Eddington Solar Model

Let us investigate the internal structure of the Sun, which is basically a self-gravitating sphere of incandescent ionized gas (consisting mostly of hydrogen). Adopting a spherical coordinate system (see Section C.4), $ r$ , $ \theta $ , $ \phi$ , whose origin coincides with the Sun's geometric center, and making the simplifying (and highly accurate) assumption that the mass distribution within the Sun is spherically symmetric, we find that

$\displaystyle \frac{dm}{dr}= 4\pi\,r^{\,2}\,\rho,$ (13.21)

where $ m(r)$ is the total mass contained within a sphere of radius $ r$ , centered on the origin, and $ \rho(r)$ the mass density at radius $ r$ . Now, as is well known, the gravitational acceleration at some radius $ r$ in a spherically symmetric mass distribution is the same as would be obtained were all the mass located within this radius concentrated at the center, and the remainder of the mass neglected (Fitzpatrick 2012). In other words,

$\displaystyle \frac{d{\mit\Psi}}{dr} = \frac{G\,m}{r^{\,2}},$ (13.22)

where $ {\mit\Psi}(r)$ is the gravitational potential energy per unit mass, and $ -d{\mit\Psi}/dr$ the radial gravitational acceleration. The force balance criterion (13.1) yields

$\displaystyle \frac{dp}{dr} + \rho\,\frac{d{\mit\Psi}}{dr} = 0,$ (13.23)

where $ p(r)$ is the pressure. The previous three equations can be combined to give

$\displaystyle \frac{1}{r^{\,2}}\frac{d}{dr}\!\left(\frac{r^{\,2}}{\rho}\,\frac{dp}{dr}\right) = -4\pi\,G\,\rho.$ (13.24)

In order to make any further progress, we need to determine the relationship between the Sun's internal pressure and density. Unfortunately, this relationship is ultimately controlled by energy transport, which is a very complicated process in a star. In fact, a star's energy is ultimately derived from nuclear reactions occurring deep within its core, the details of which are extremely complicated. This energy is then transported from the core to the outer boundary via a combination of convection and radiation. (Conduction plays a much less important role in this process.) Unfortunately, an exact calculation of radiative transport requires an understanding of the opacity of stellar material, which is an exceptionally difficult subject. Finally, once the energy reaches the boundary of the star, it is radiated away. The following ingenious model, due to Eddington (Eddington 1926), is appropriate to a star whose internal energy transport is dominated by radiation. This turns out to be a fairly good approximation for the Sun. The main advantage of Eddington's model is that it does not require us to know anything about stellar nuclear reactions or opacity.

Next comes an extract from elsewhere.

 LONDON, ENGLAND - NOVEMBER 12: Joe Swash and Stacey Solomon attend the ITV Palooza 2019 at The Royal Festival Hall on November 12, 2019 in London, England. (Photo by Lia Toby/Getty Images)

Now, the temperature inside the Sun is sufficiently high that radiation pressure cannot be completely neglected with respect to conventional gas pressure. In other words, we must write the solar equation of state in the form

$\displaystyle p = p_g + p_r,$ (13.25)


$\displaystyle p_g = \frac{\rho\,k\,T}{\mu\,m_p}$ (13.26)

is the gas pressure (modeling the plasma within the Sun as an ideal gas of free electrons and ions), and (Chandrasekhar 1967)

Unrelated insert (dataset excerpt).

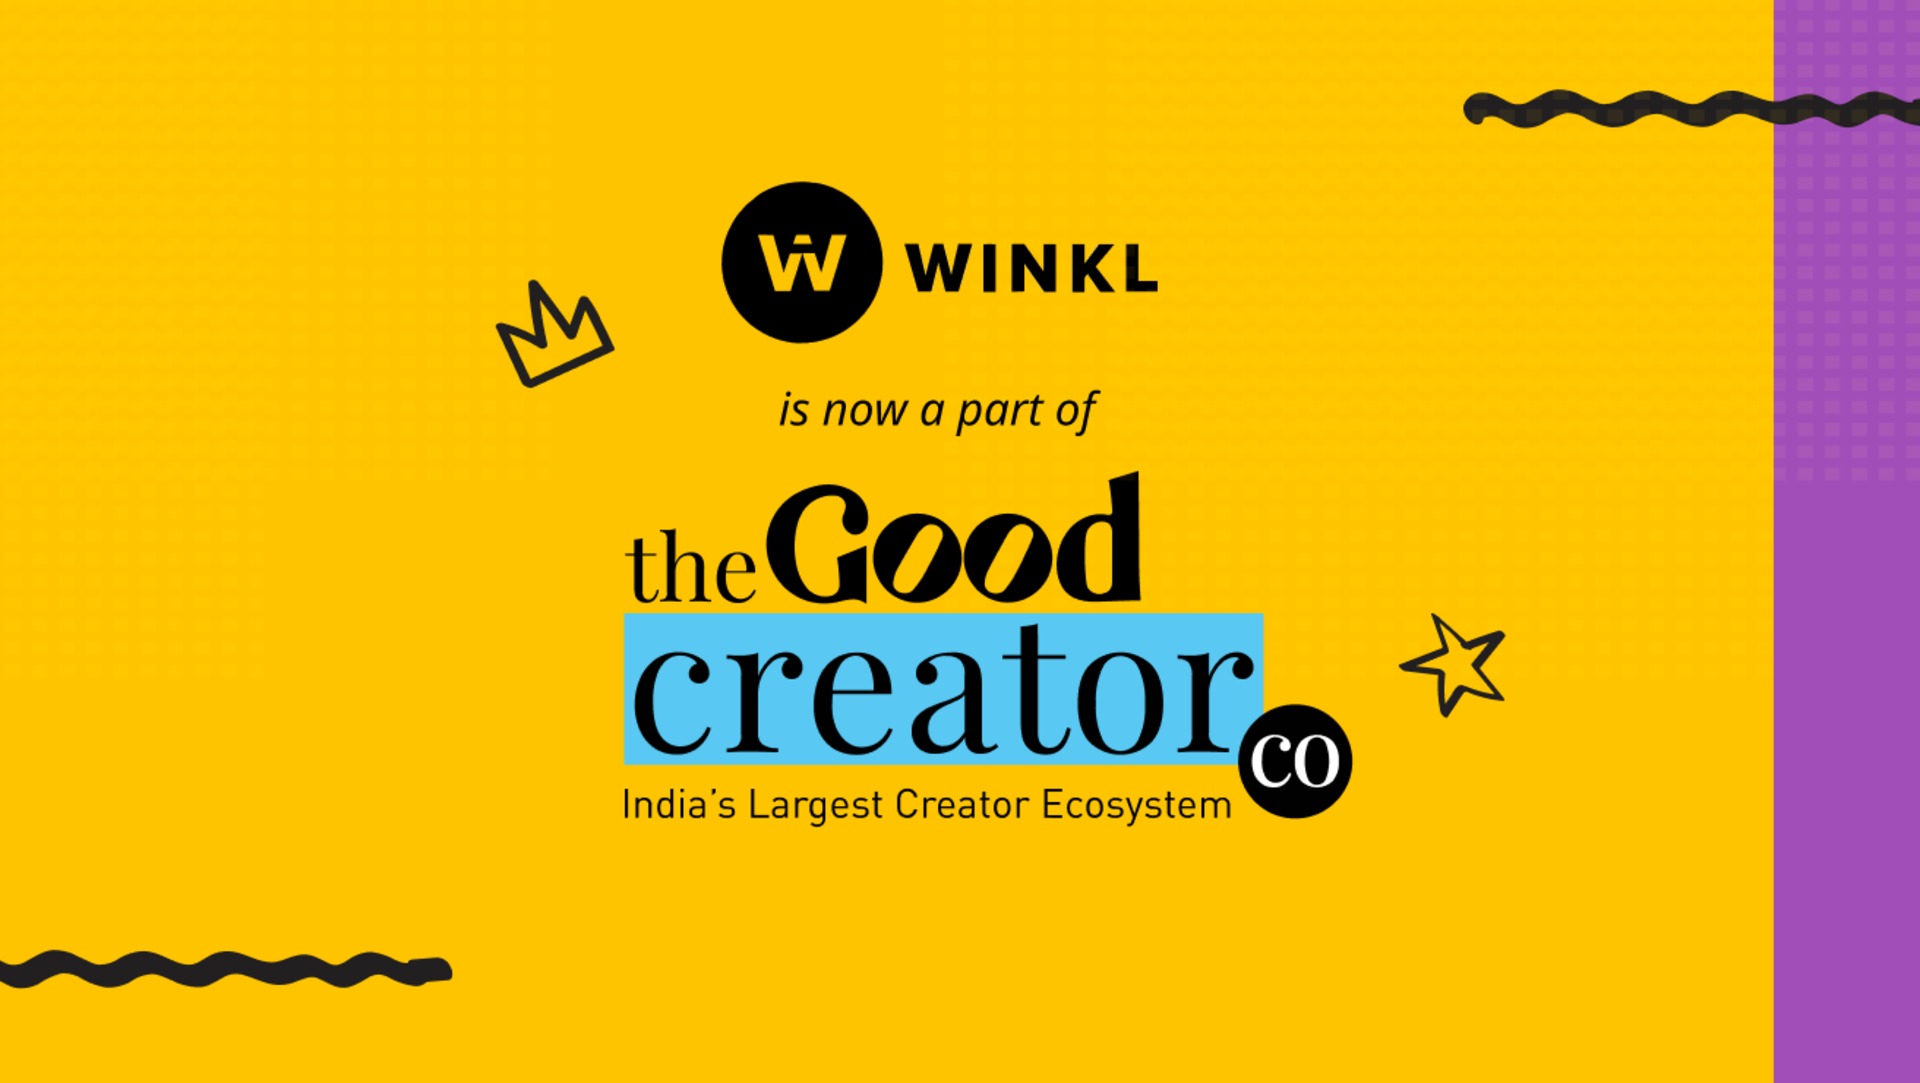 Winkl is now a part of The Good Creator Co image

$\displaystyle p_r = \frac{1}{3}\,\alpha\,T^{\,4}$ (13.27)

the radiation pressure (assuming that the radiation within the Sun is everywhere in local thermodynamic equilibrium with the plasma). Here, $ T(r)$ is the Sun's internal temperature, $ k$ the Boltzmann constant, $ m_p$ the mass of a proton, and $ \mu$ the relative molecular mass (i.e., the ratio of the mean mass of the free particles making up the solar plasma to that of a proton). Note that the electron mass has been neglected with respect to that of a proton. Furthermore, $ \alpha=4\,\sigma/c$ , where $ \sigma$ is the Stefan-Boltzmann constant, and $ c$ the velocity of light in a vacuum. Incidentally, in writing Equation (13.26), we have expressed $ M/R$ in the equivalent form $ \mu\,m_p/k$ .


$\displaystyle p_g$ $\displaystyle =(1-\beta)\,p,$ (13.28)
$\displaystyle p_r$ $\displaystyle = \beta\,p,$ (13.29)

where the parameter $ \beta $ is assumed to be uniform. In other words, the ratio of the radiation pressure to the gas pressure is assumed to be the same everywhere inside the Sun. This fairly drastic assumption turns out--perhaps, somewhat fortuitously (Mestel 1999)--to lead to approximately the correct internal pressure-density relation for the Sun. In fact, Equations (13.26)-(13.29) can be combined to give

$\displaystyle p = K\,\rho^{\,4/3},$ (13.30)


$\displaystyle K = \left[\left(\frac{k}{m_p}\right)^4\,\frac{3}{\alpha}\,\frac{\beta}{\mu^{\,4}\,(1-\beta)^4}\right]^{1/3}.$ (13.31)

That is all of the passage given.